Exercise requirements: Please reproduce the data exactly, excluding any pictures it contains.

+++ Data provided +++

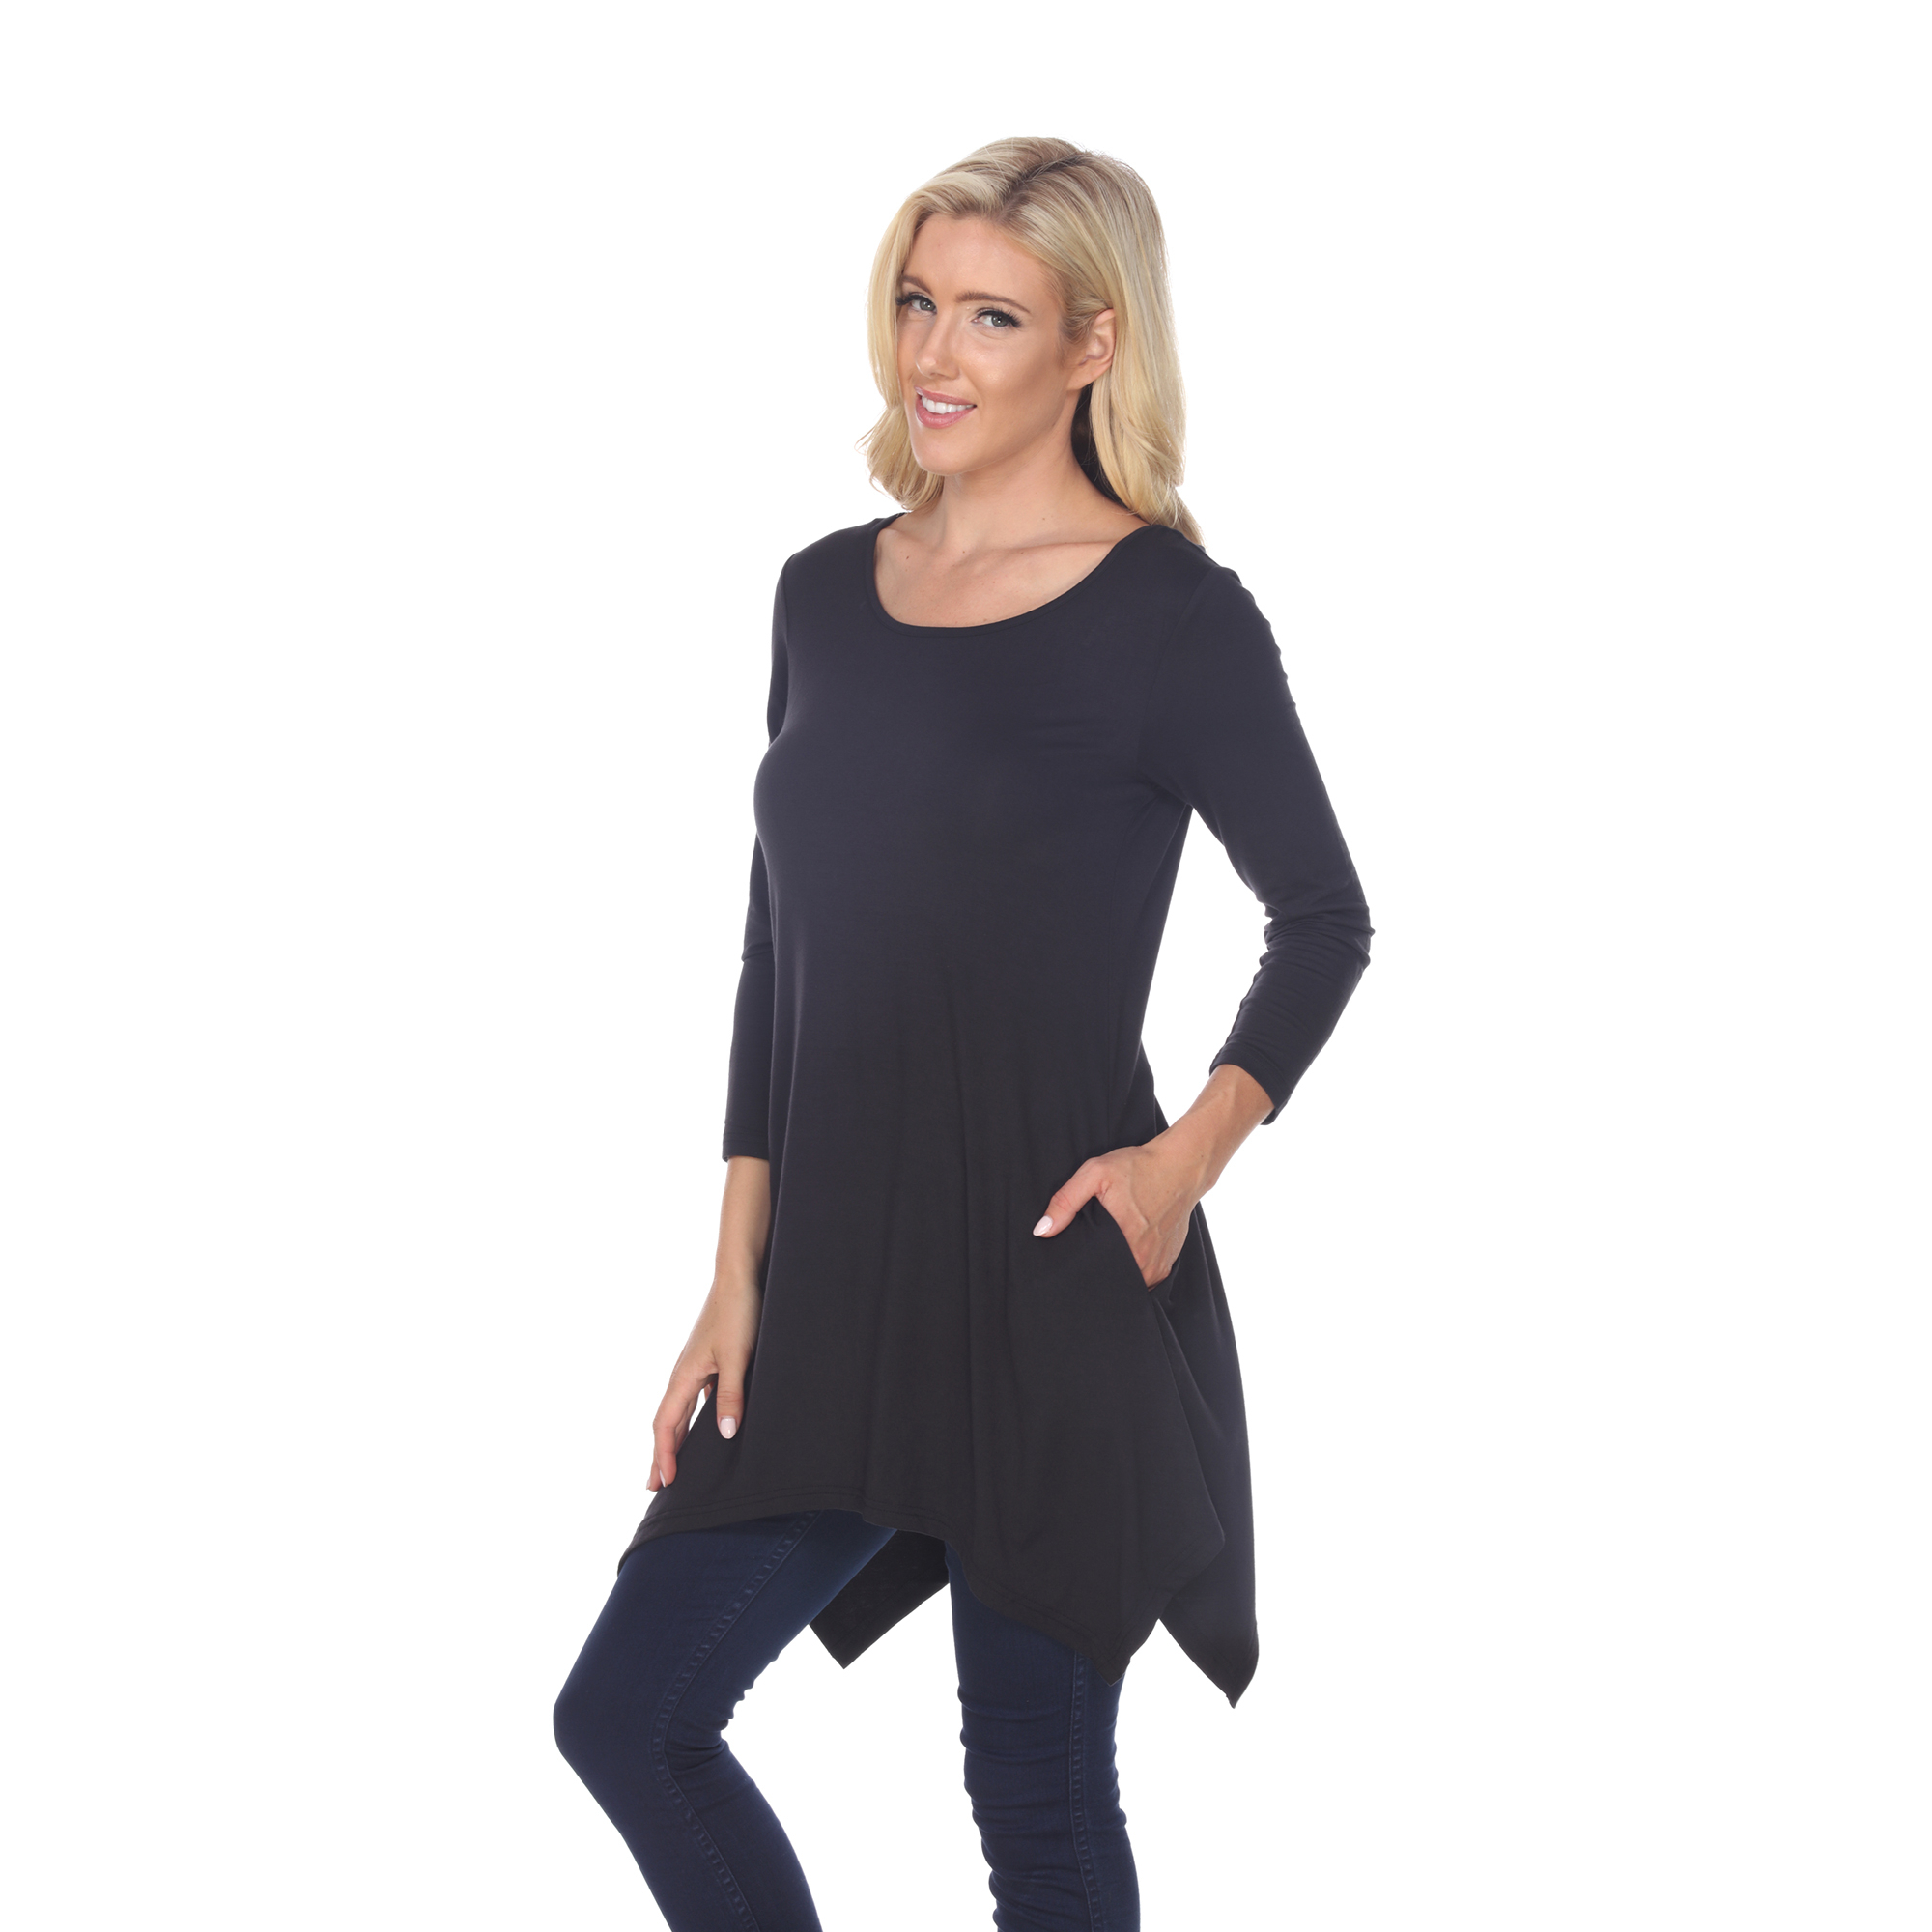 White Mark Women's Quarter Sleeve Tunic Top With Pockets - Black, X-Large
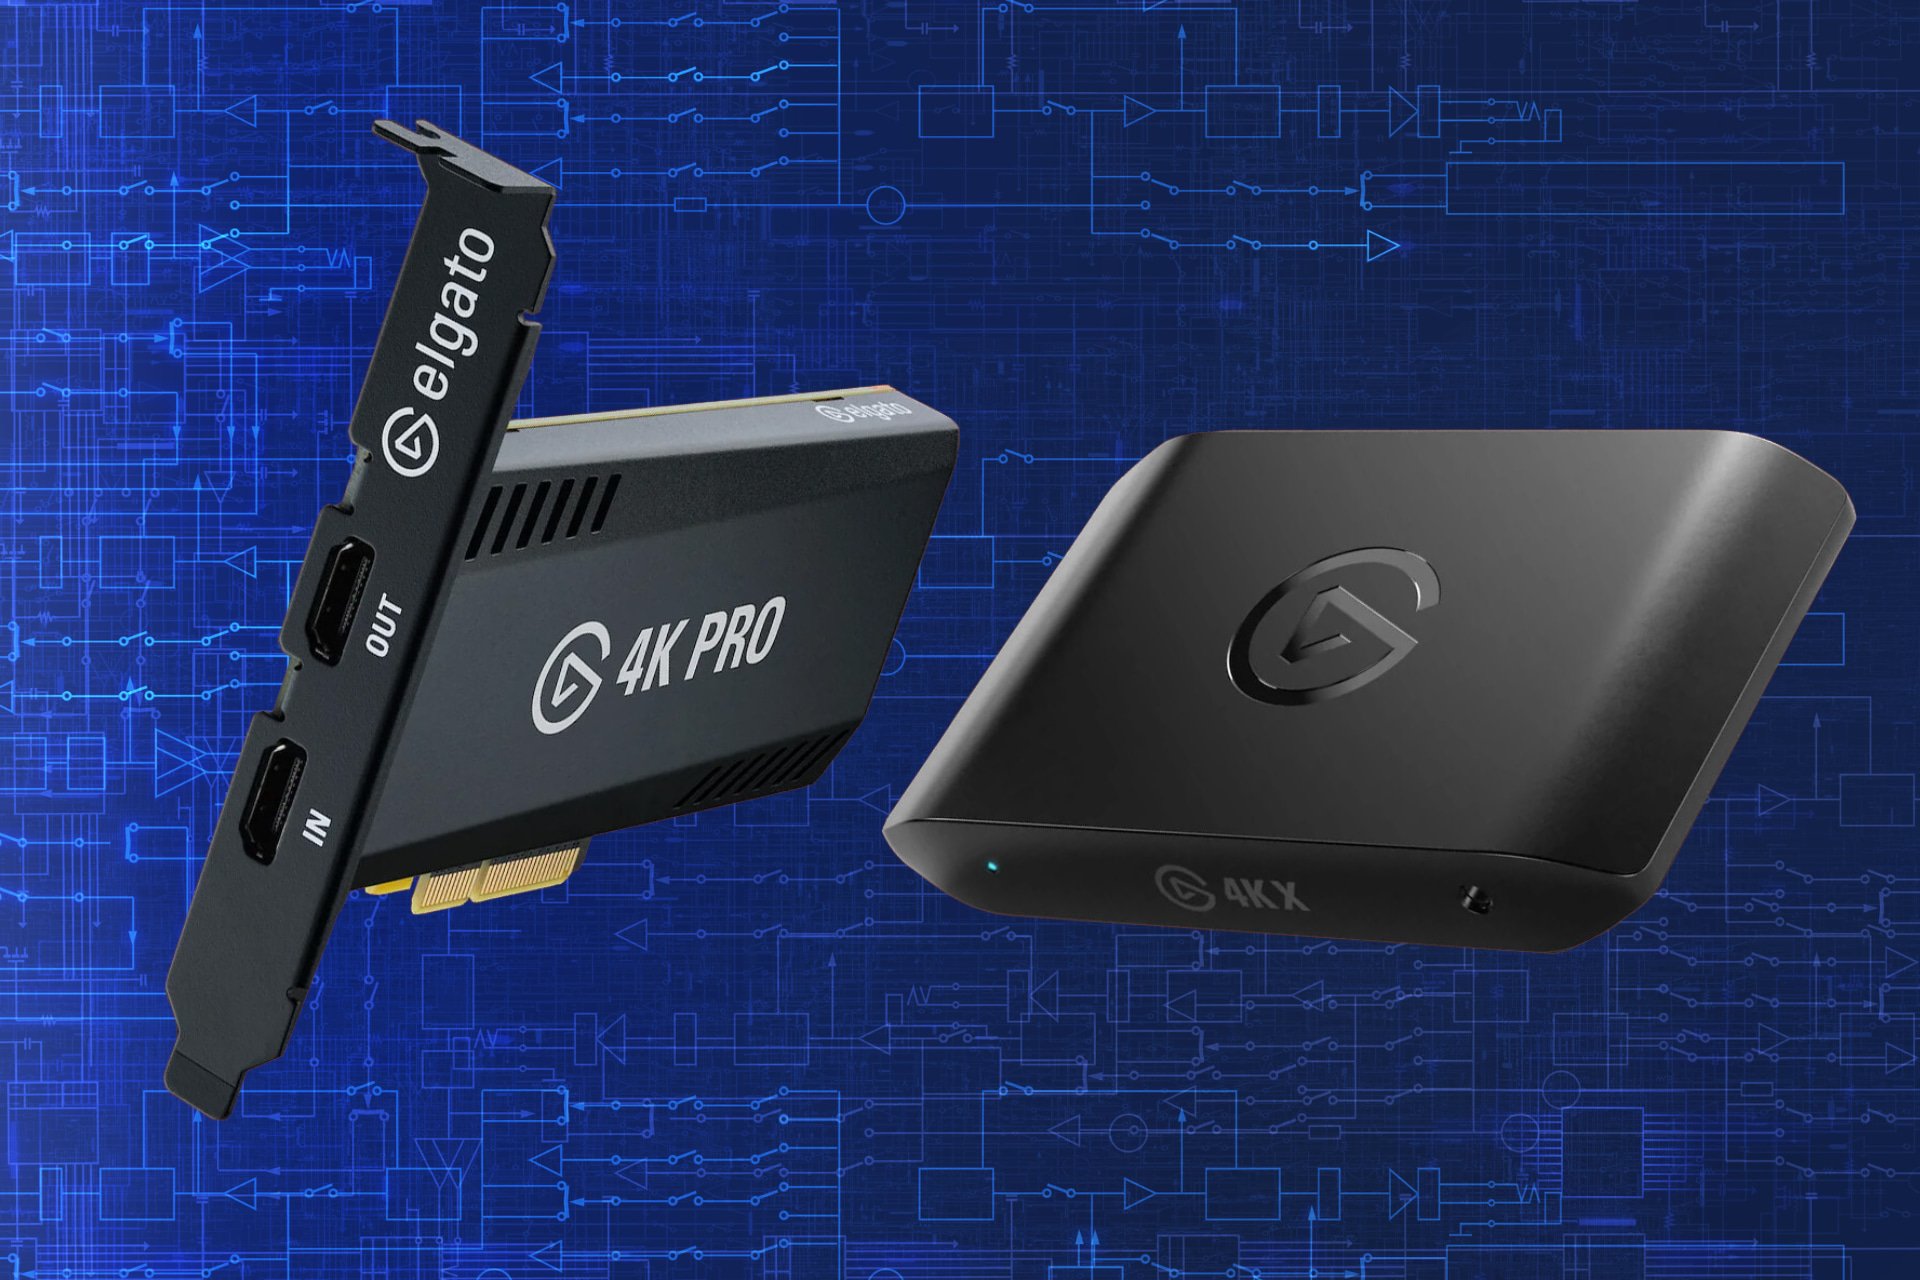 Elgato’s HDMI 2.1 capture cards 4K X and 4K Pro feature HDR and great frame rates
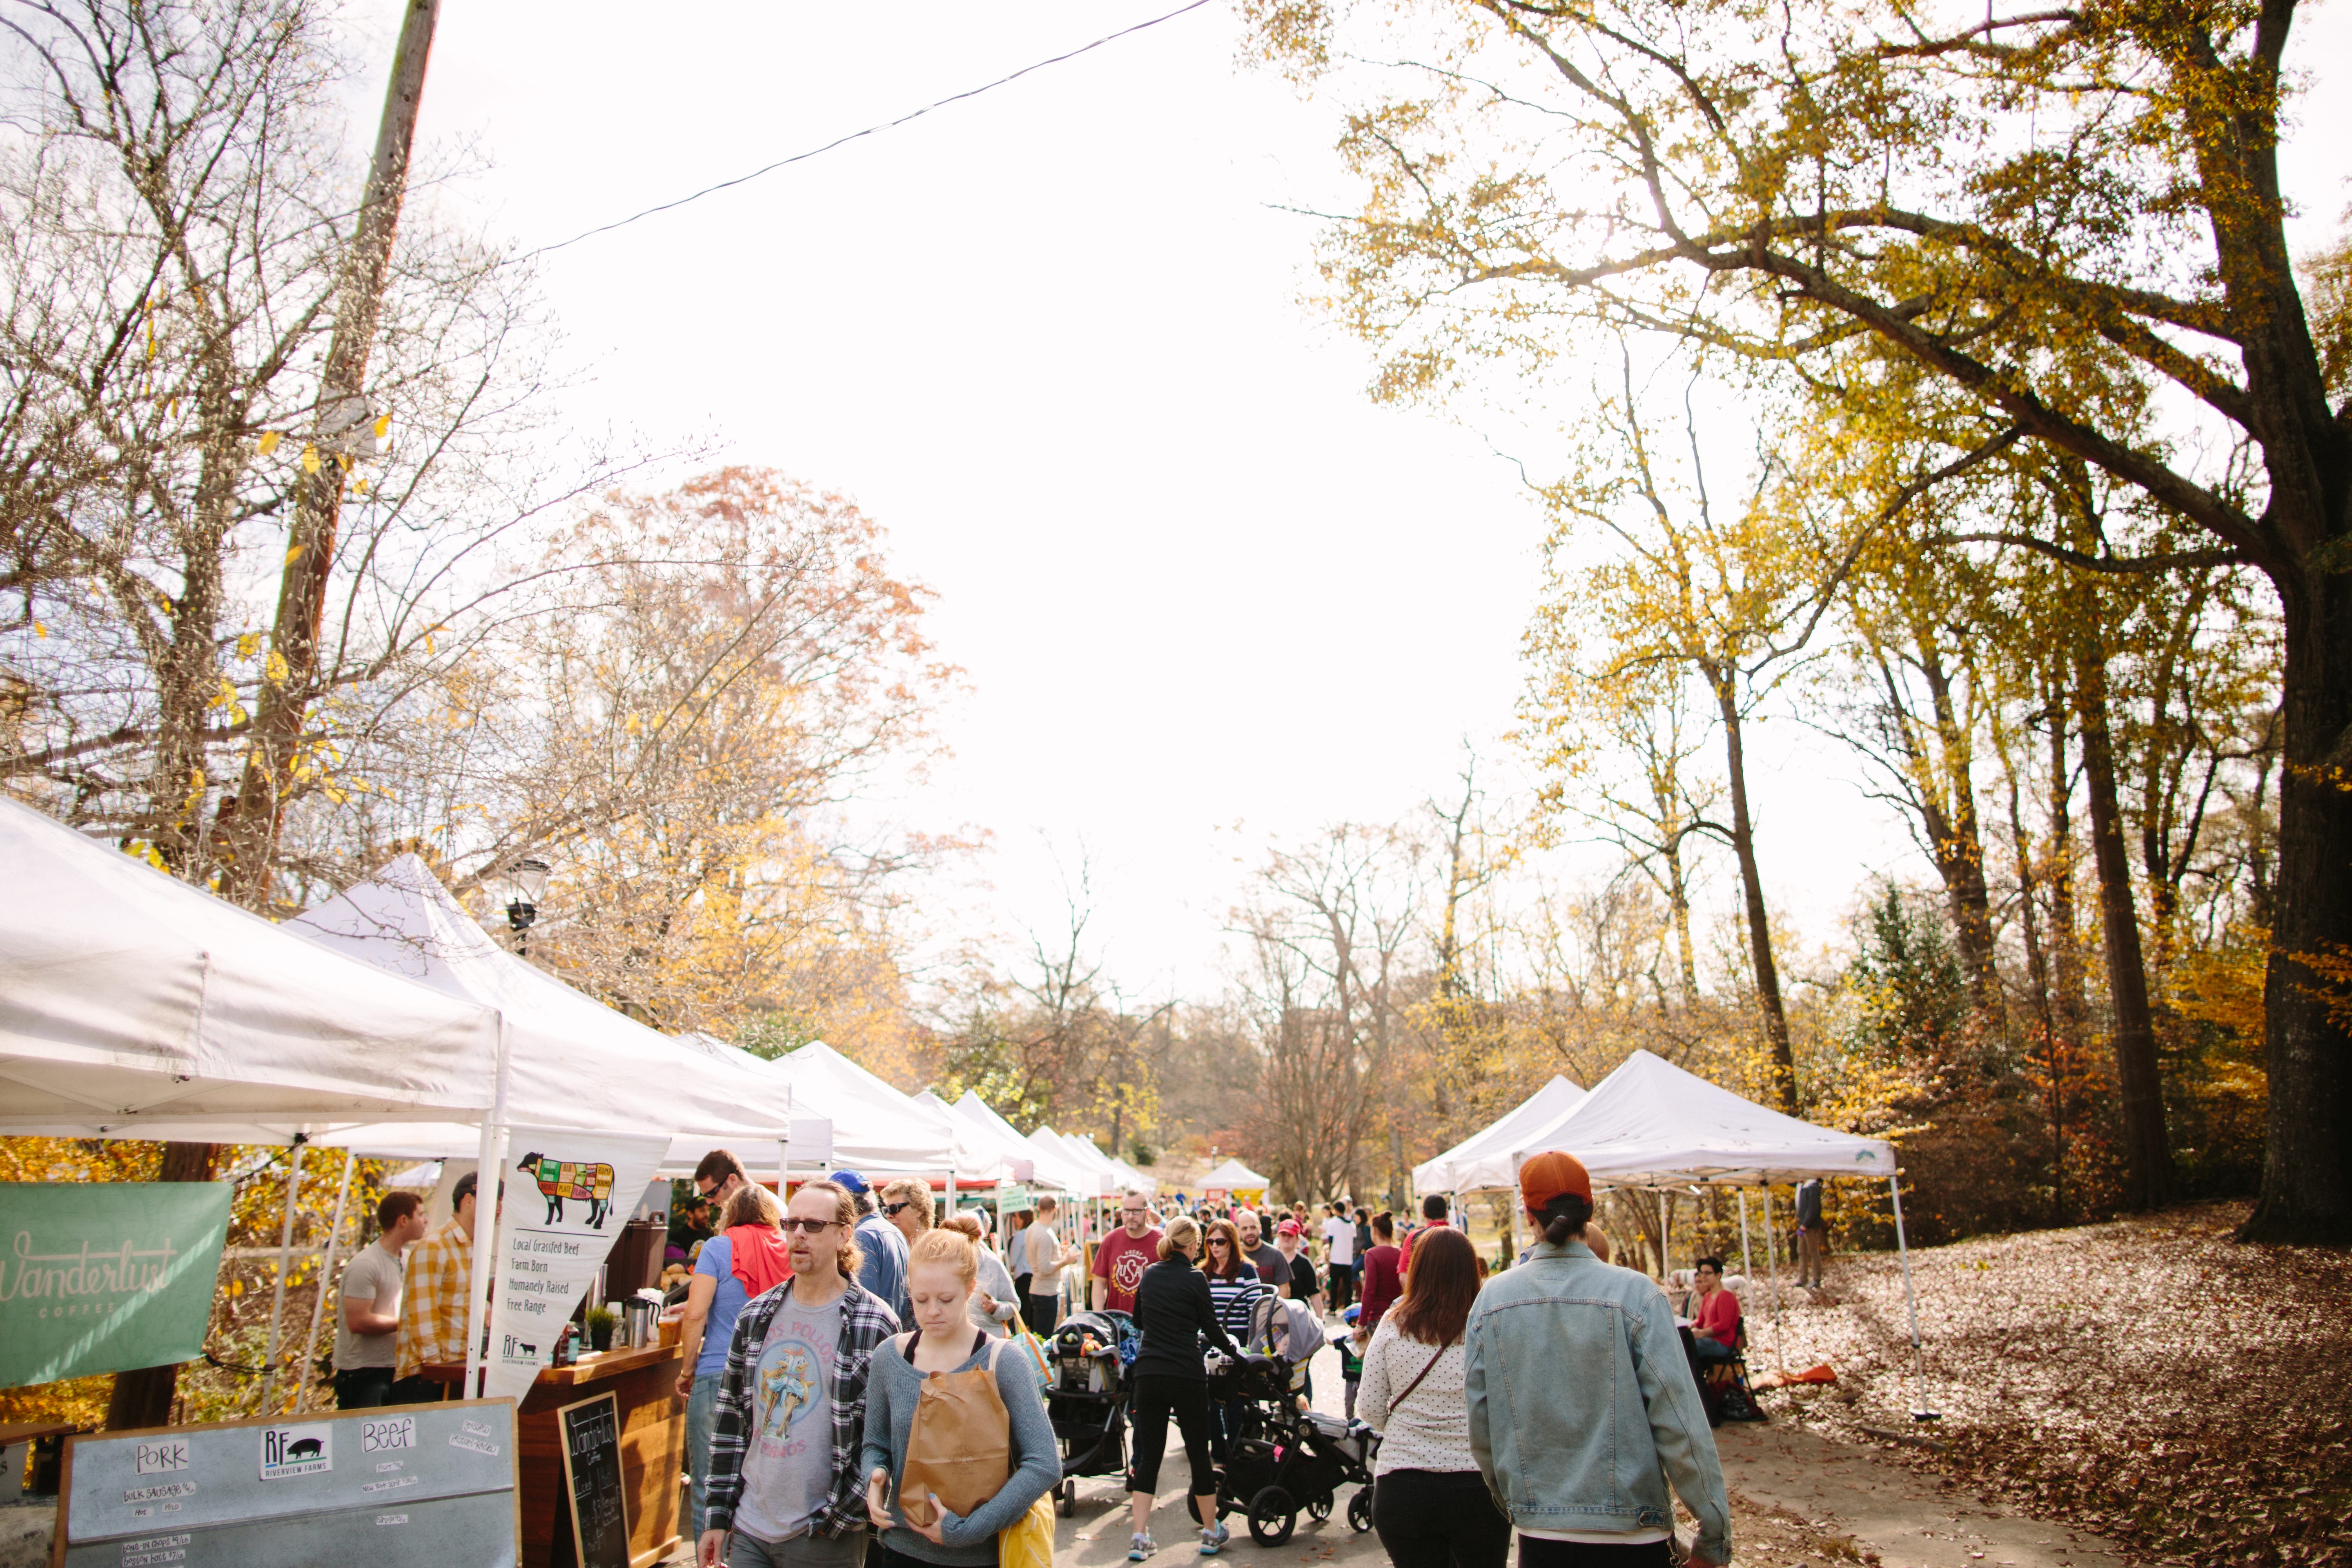 The Grant Park Farmers Market occurs every Sunday from 9:00am to 1:00pm. Photo Courtesy of Jenna Shea Mobley

+++

Exercise output:
 White Mark Women's Quarter Sleeve Tunic Top With Pockets - Black, X-Large
 Elgato’s HDMI 2.1 capture cards 4K X and 4K Pro feature HDR and great frame rates
 The Grant Park Farmers Market occurs every Sunday from 9:00am to 1:00pm. Photo Courtesy of Jenna Shea Mobley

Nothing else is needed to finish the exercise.